Does Barstool Sports' Dave agree with the critics?

 1
 2
 3
 4
 5
 6
 7
 8
 9
10
11
12
13
14
15
16
17
18
#  taking the name, price and reviews
pizza_cleaned <- pizza_barstool %>% 
  select(place=name,
         price_level, 
         contains("review")) %>% 
  # cleaning column names
  rename_all(~str_remove(., "review_stats_")) %>% 
  select(-contains("provider"))

# ploting Daves x Critics
pizza_cleaned %>% 
  filter(critic_count>0) %>% 
  ggplot(aes(critic_average_score, dave_average_score)) +
  geom_point() +
  geom_abline(color="red", linetype="dashed") + # reference line
  geom_smooth(method = "lm") +
  labs(x="Critic average score", y="Dave score", 
       title="Does Barstool Sports' Dave agree with the critics?")

In overal the evaluations has some correlation.
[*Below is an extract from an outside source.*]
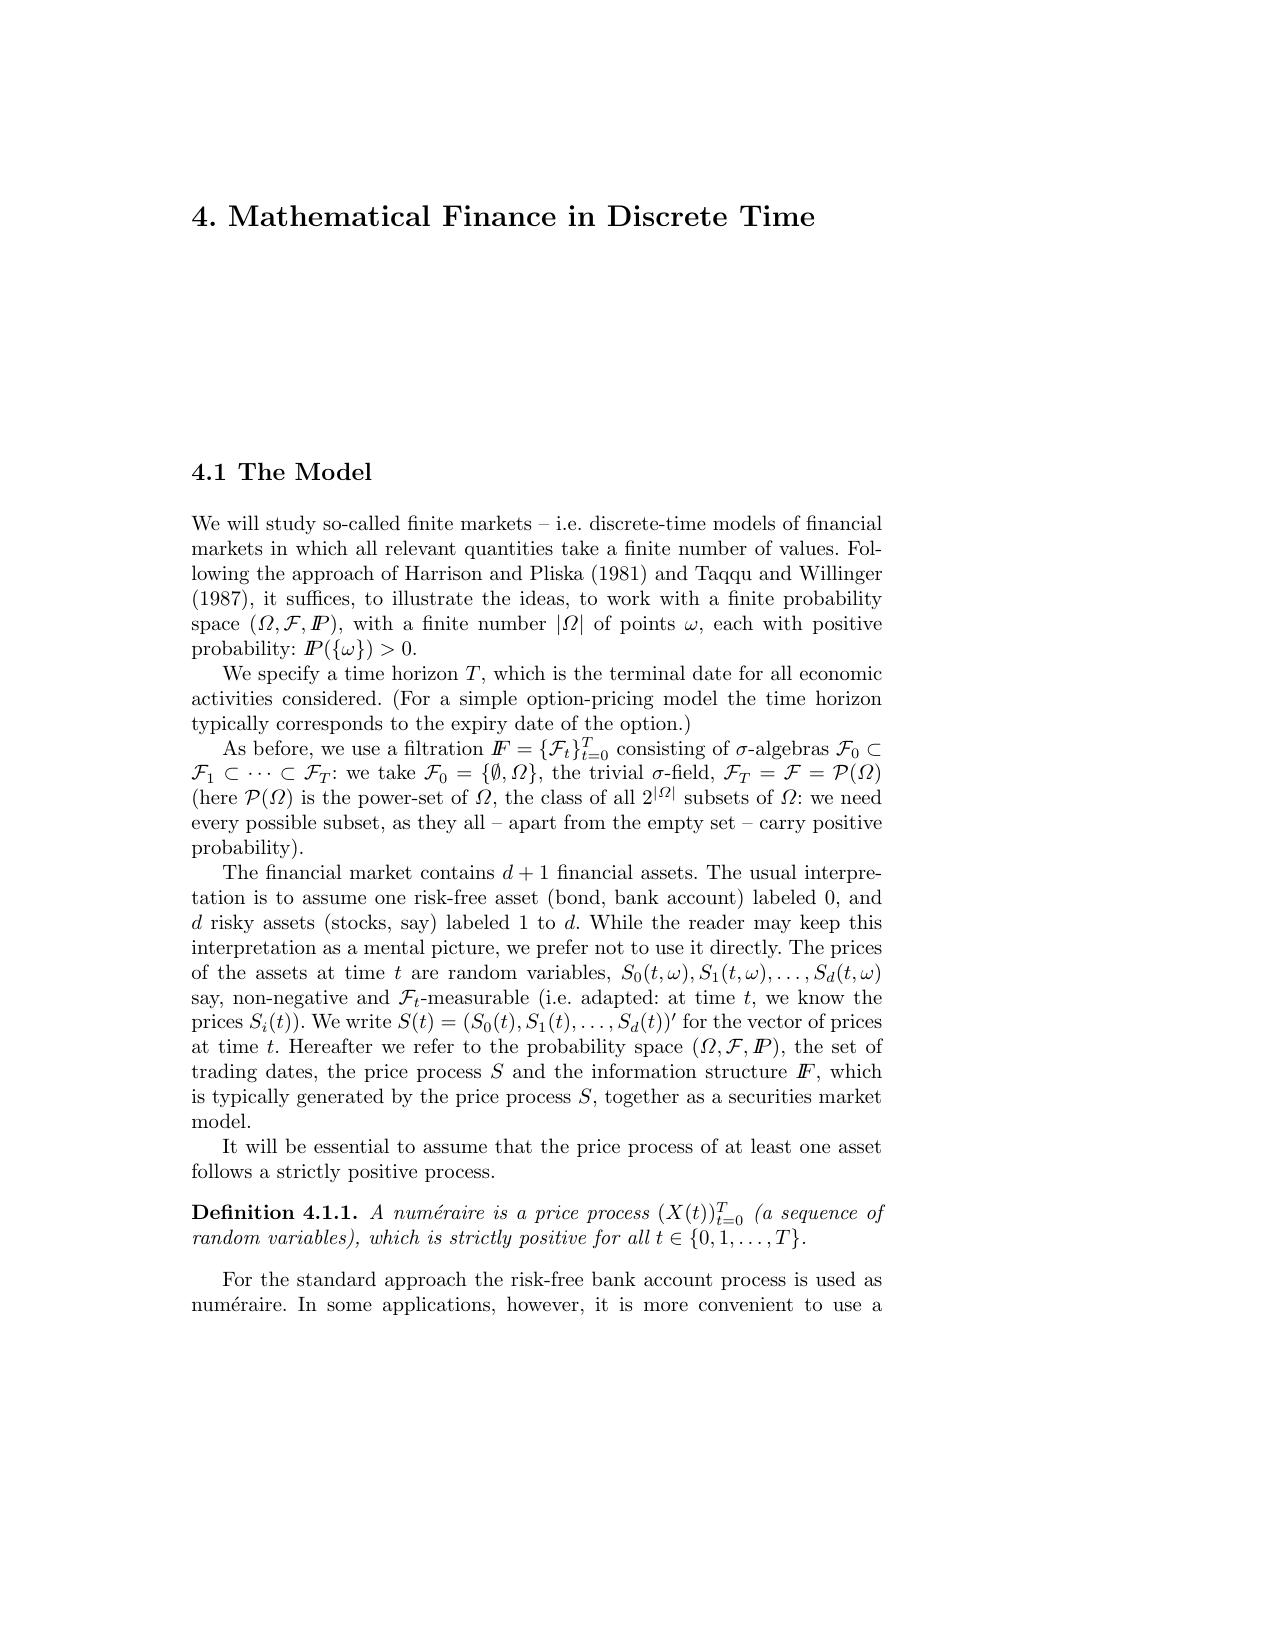 Mathematical Finance in Discrete Time, 2017
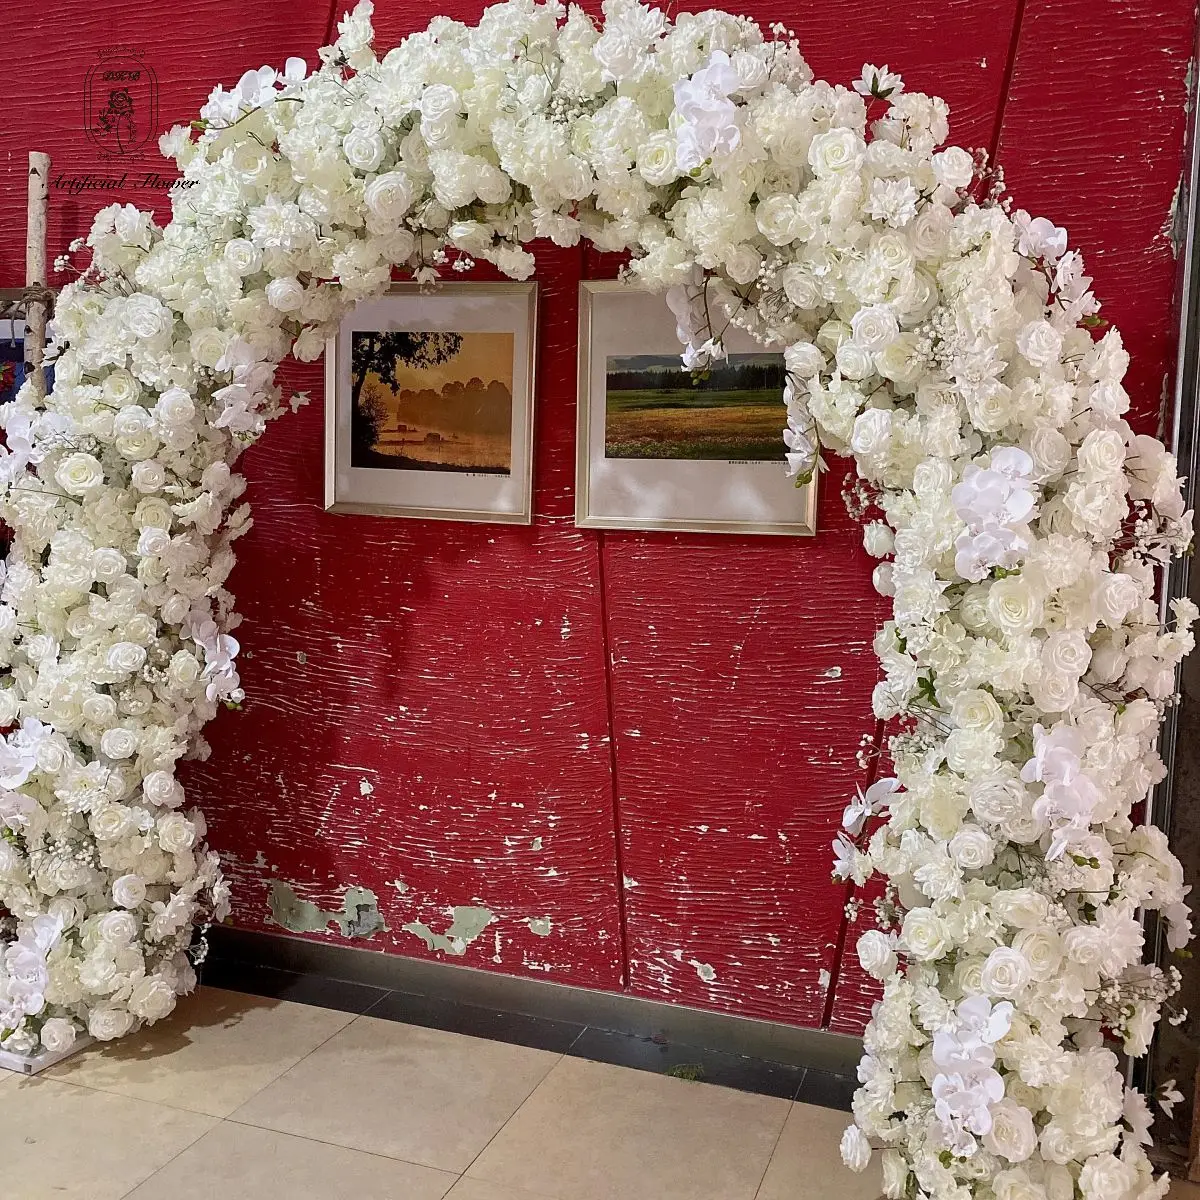 

DKB Decorative Artificial Silk Flower White Rose Arch Frame Floral Garden Backdrop For Wedding Entrance Stage Decor

Let’s see Community vs Critics

1
2
3
4
5
6
7
pizza_cleaned %>% 
  filter( community_count >=20,
          critic_count > 0) %>% 
  ggplot(aes(critic_average_score, community_average_score)) +
  geom_point() +
  geom_abline(color="red") +
  geom_smooth(method="lm")

That is very bad, and Dave vs. Critics?

1
2
3
4
5
6
7
pizza_cleaned %>% 
  filter( community_count >=20 ) %>% 
  ggplot(aes(community_average_score, dave_average_score)) +
  geom_point(aes( size=community_count)) +
  geom_abline(color="red", linetype="dashed") +
  geom_smooth(method="lm") +
  labs(size="# of community reviews", x="community score", y="Dave score")

Dave score are remarkable close to the community reviews.